BLBI adalah skema bantuan (pinjaman) yang diberikan Bank Indonesia kepada bank-bank yang mengalami masalah likuiditas saat krisis moneter 1998. Skema untuk mengatasi masalah krisis ini atas dasar perjanjian Indonesia dengan IMF. Bank Indonesia sudah mengucurkan dana hingga lebih dari Rp144,5 triliun untuk 48 bank yang bermasalah agar dapat mengatasi krisis tersebut. Namun, penggunaan pinjaman ternyata tidak sesuai dengan ketentuan sehingga negara dinyatakan merugi hingga sebesar Rp138,4 triliun karena dana yang dipinjamkan tidak dikembalikan secara keseluruhan.
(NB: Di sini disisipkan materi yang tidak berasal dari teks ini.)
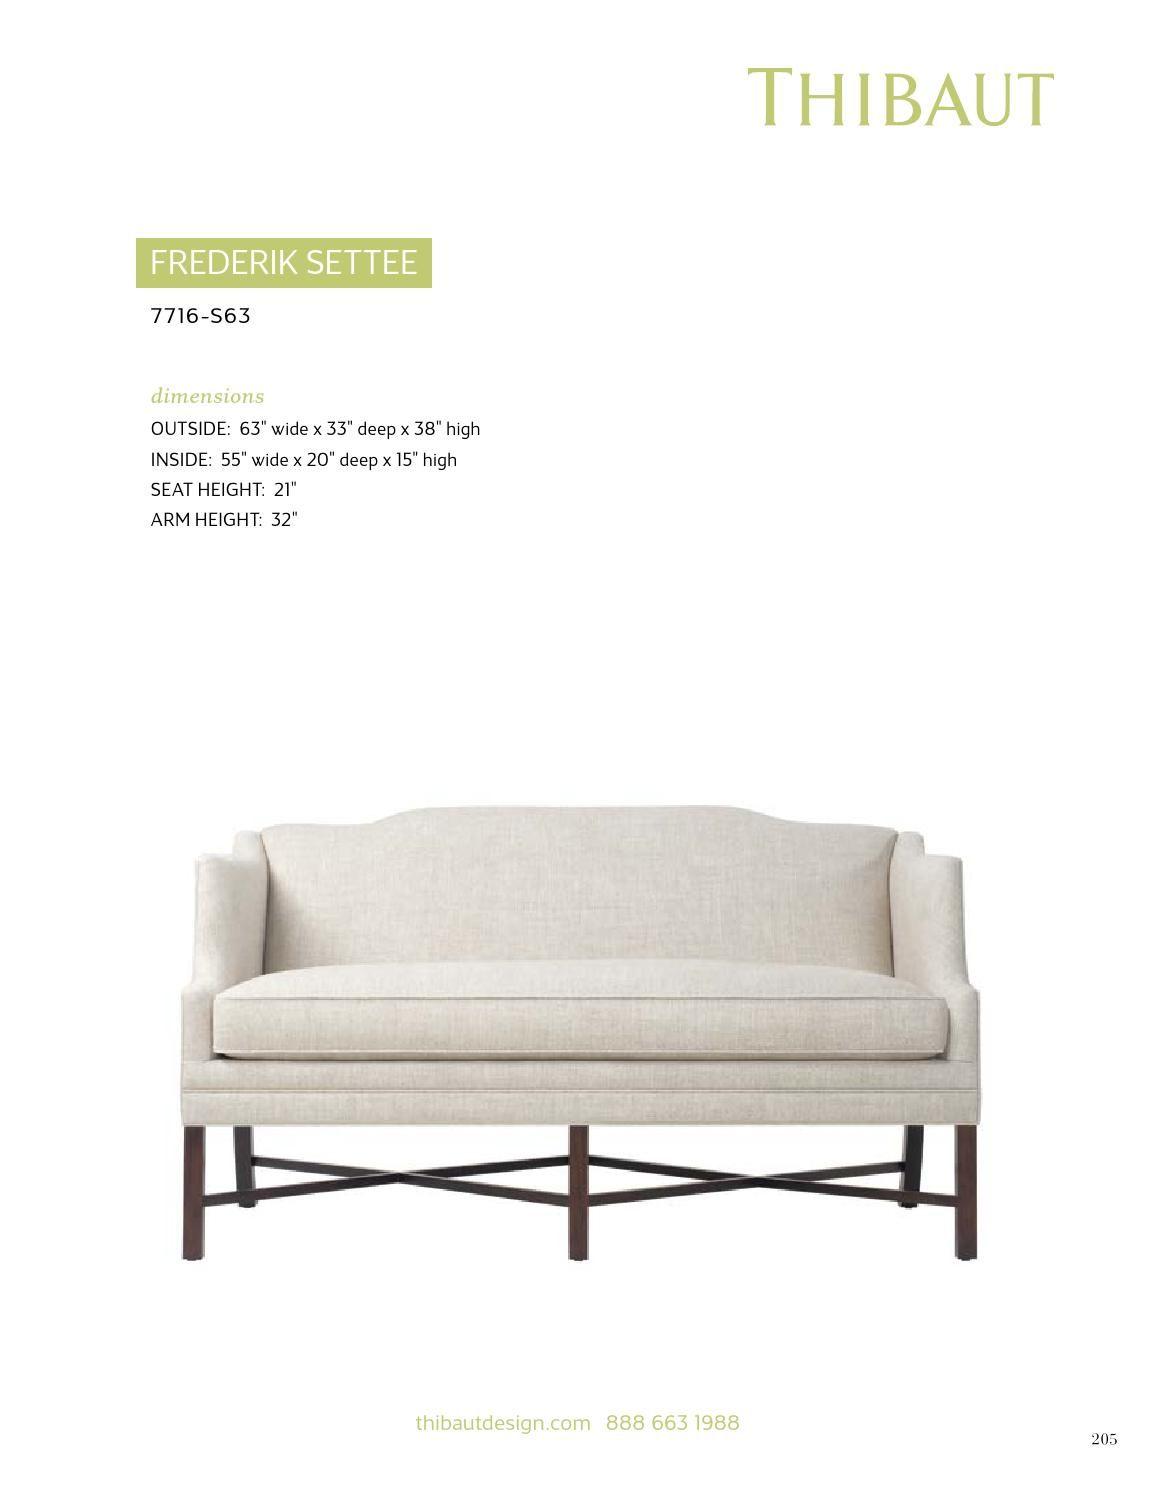 Thibaut Fine Furniture The Frederik Settee

Terkait dengan dugaan penyimpangan dana tersebut, sejumlah debitur diproses secara hukum oleh Kejaksaan Agung. Akan tetapi, Kejaksaan mengeluarkan surat perintah penghentian penyidikan (SP3) kepada para debitur dengan dasar SKL yang diterbitkan oleh BPPN kala itu. Kejagung mendasarkan Instruksi Presiden Nomor 8 Tahun 2002 tentang Pemberian Jaminan Kepastian Hukum kepada Debitur, yang telah menyelesaikan kewajibannya atau tindakan hukum kepada debitur yang tidak menyelesaikan kewajibannya berdasarkan pemeriksaan penyelesaian kewajiban pemegang saham (PKPS).
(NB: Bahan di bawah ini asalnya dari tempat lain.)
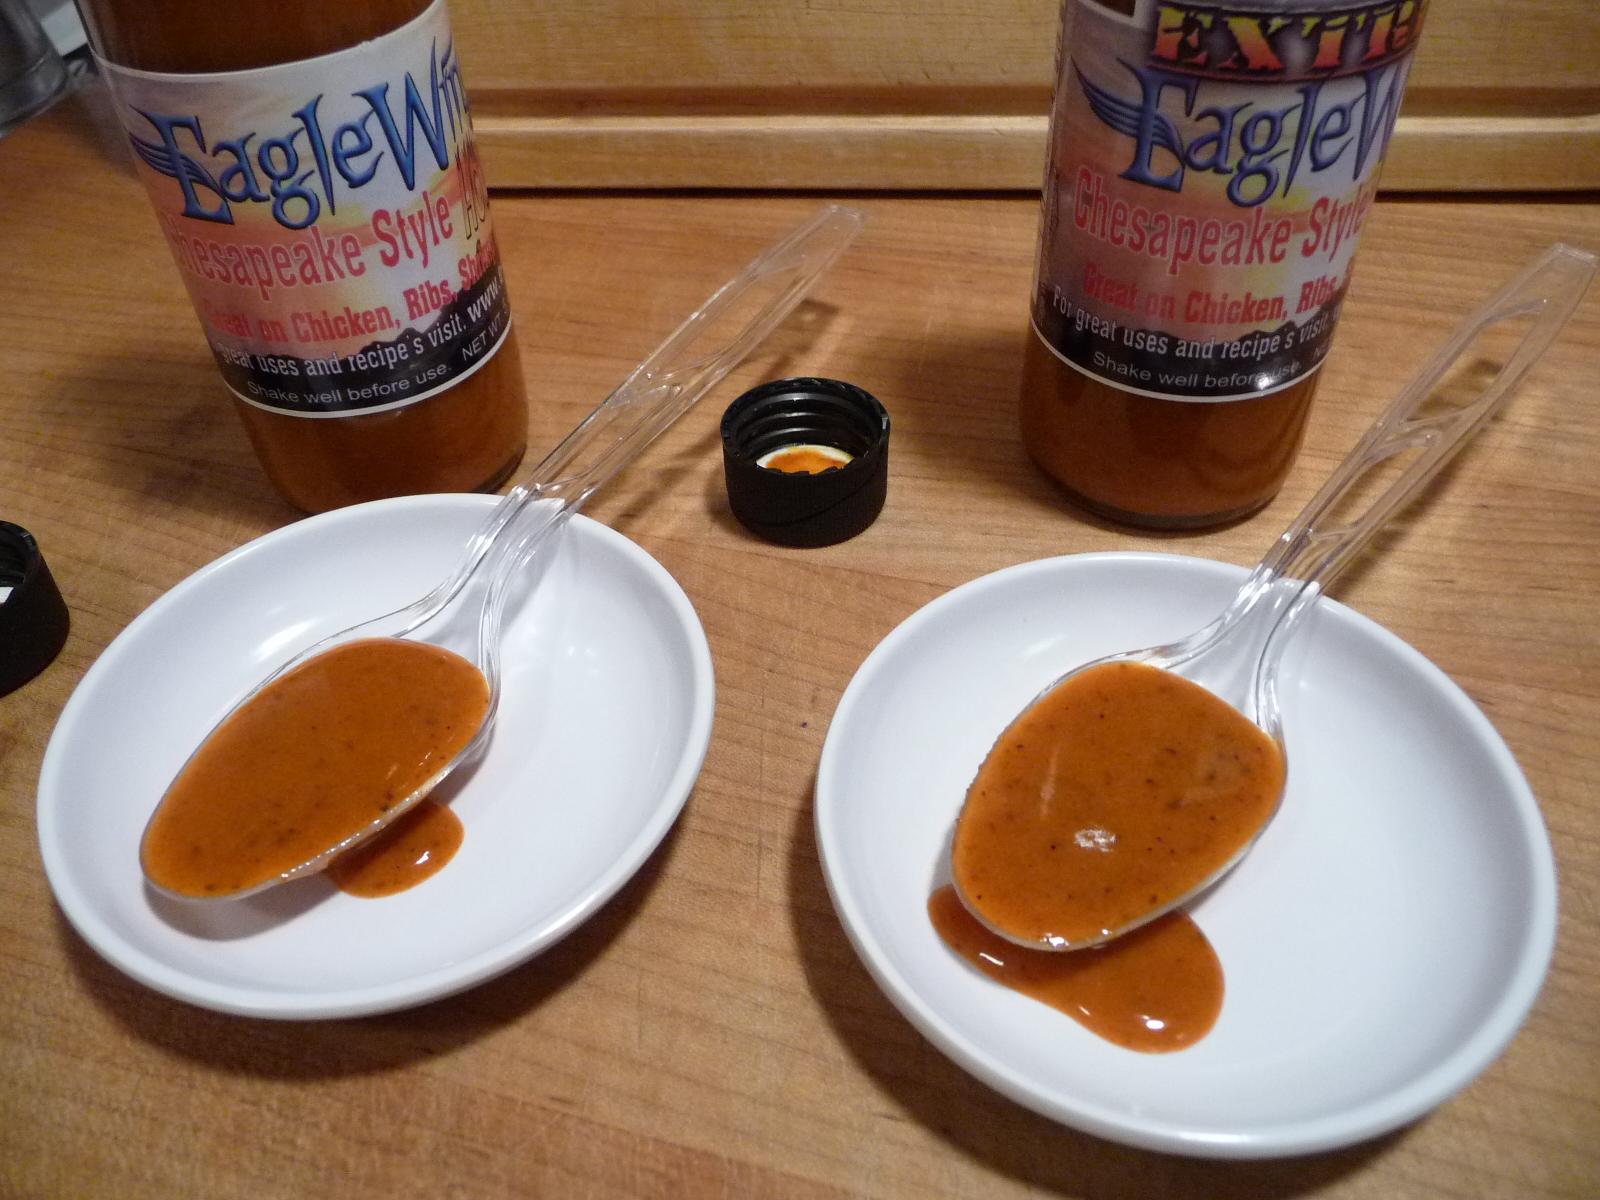 Both sauces

Inpres itu dikeluarkan saat kepemimpinan Presiden Megawati yang juga mendapat masukan dari Menteri Keuangan Boediono, Menteri Koordinator Perekonomian Dorodjatun Kuntjoro-Jakti, dan Menteri BUMN Laksamana Sukardi. Berdasar Inpres tersebut, debitur BLBI dianggap sudah menyelesaikan utang meski baru melunasi 30 persen dari jumlah kewajiban pemegang saham dalam bentuk tunai dan 70 persen dibayar dengan sertifikat bukti hak kepada BPPN. Baca Juga: Babak Baru Penanganan Korupsi BLBI VS Klaim Lunas Sjamsul Nursalim

Dalam penyelidikan kasus ini, KPK sudah memeriksa sejumlah pejabat pada Kabinet Gotong Royong 2001 s.d. 2004, yaitu Menteri Badan Usaha Milik Negara (BUMN) 2001 s.d. 2004 Laksamana Sukardi, Kepala Badan Penyehatan Perbankan Nasional (BPPN) I Putu Gede Ary Suta, Menteri Koordinator Perekonomian pada Kabinet Gotong Royong 2001 s.d. 2004 Dorodjatun Kuntjoro-Jakti, Menteri Keuangan dan Koordinator Perekonomian periode 2000 s.d. 2001 Rizal Ramli, Menteri Keuangan 1998 s.d. 1999 Bambang Subiyanto, Menko Perekonomian 1999 s.d. 2000 dan Kepala Bappenas 2001 s.d. 2004 Kwik Kian Gie.